The Midnight Club returned to their stations, astonished at Bo’s success. With no way to test the system under battlefield conditions, Doc’s plan and Bo’s code had had a one in a million chance to succeed. Even if the code were perfect, the plan still should have failed because of embedded chips in the vast tangle of systems. As it was, Bo’s applications kept the lights on in Manhattan. Across the East River, downtown Brooklyn remained brightly lit because power had to reach Jay Street to keep the subway running. A strip of Queens around the Ravenswood power plant near the Queensboro Bridge had lights thanks to proximity to Big Allis.

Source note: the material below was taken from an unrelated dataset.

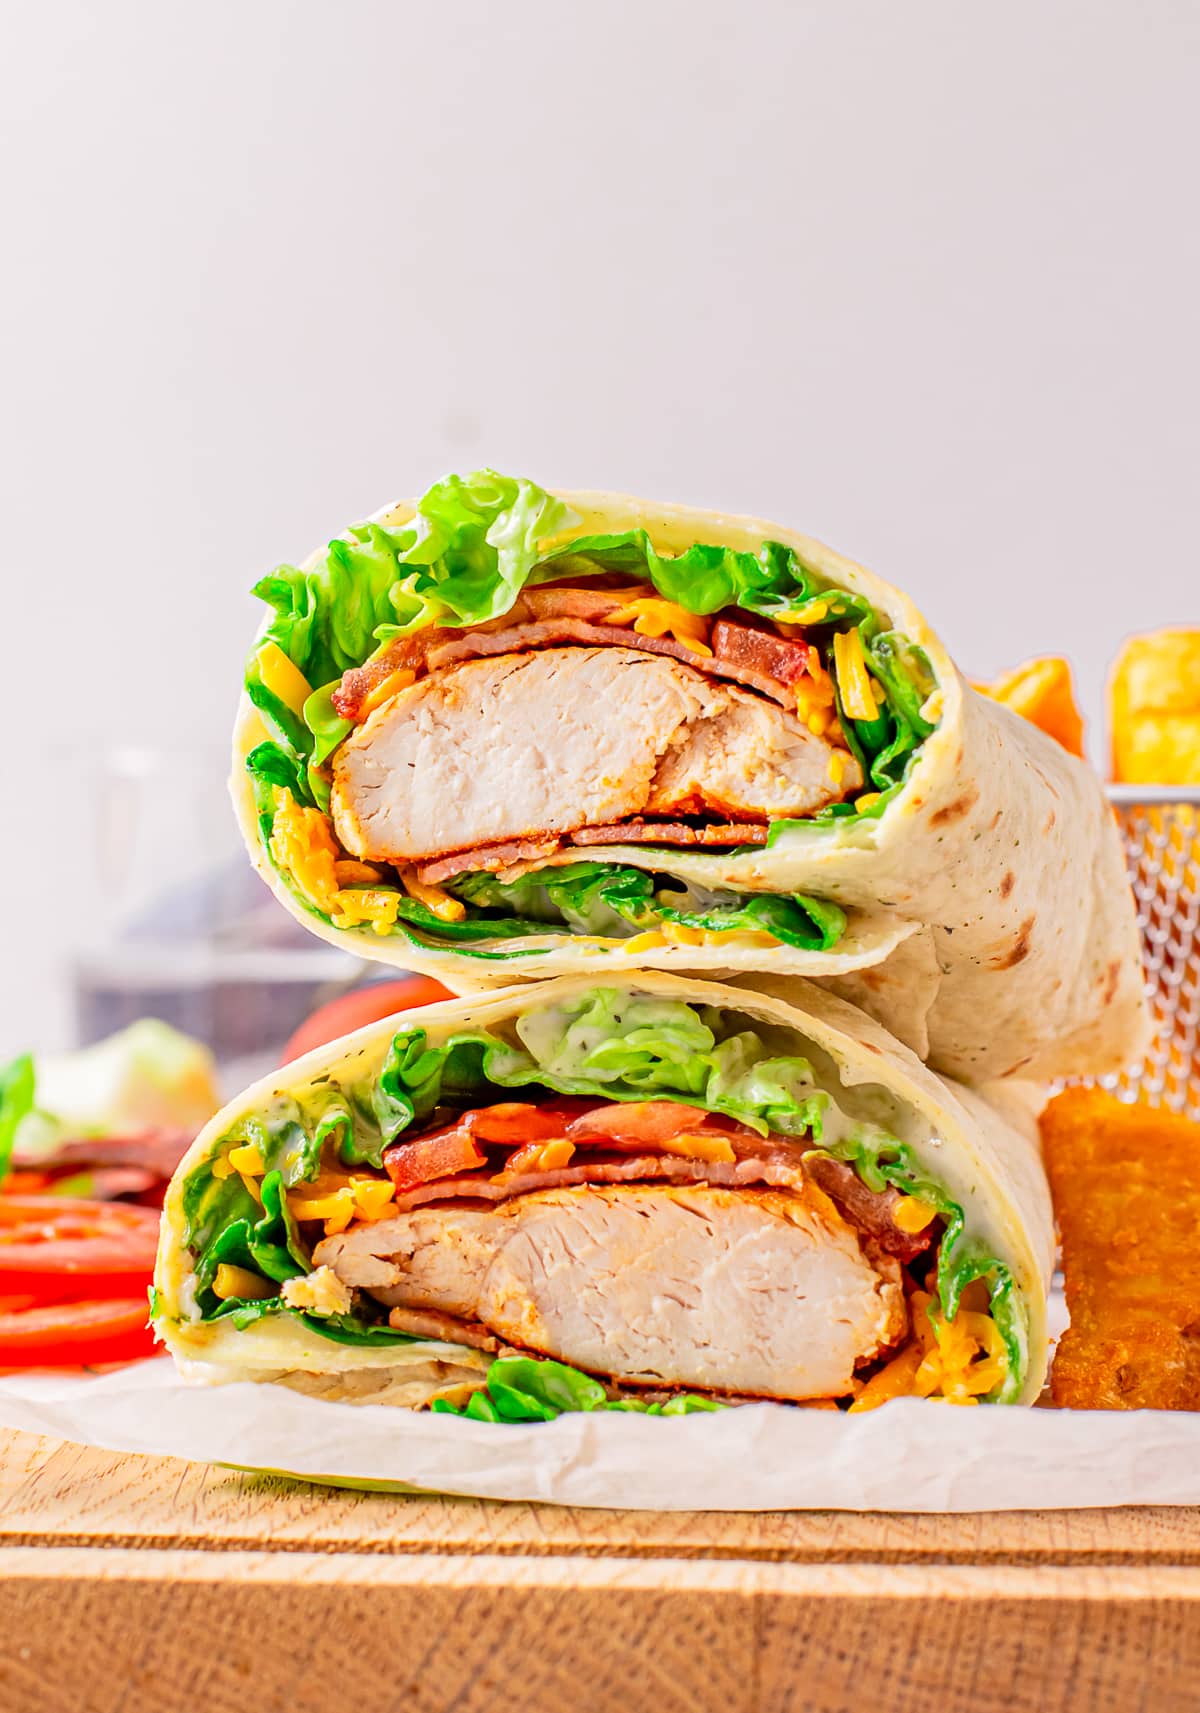 A bacon ranch chicken wrap cut in half to show the interior, two piece stacked on top of each other. Served on a wooden cutting board

The rest of New York was as dark as Moscow.
Let there be light, Doc thought, as he ran downstairs to the second floor where Annie and the customer support staff were working with the banks.
“Did Chase make it?” he demanded. “They should have power at the Tech Center.”
“They do,” Annie said. “They’re okay.”
“The credit unions?”
“Everyone is okay, Doc. Relax.”
Annie pulled him over to one of the staff screens where a techie in a headset was in multimedia communication with the Chase Y2K team at the Tech Center. Doc could see that the bank’s core computers had survived the century rollover and were performing, if not flawlessly, at least as well as they ever did.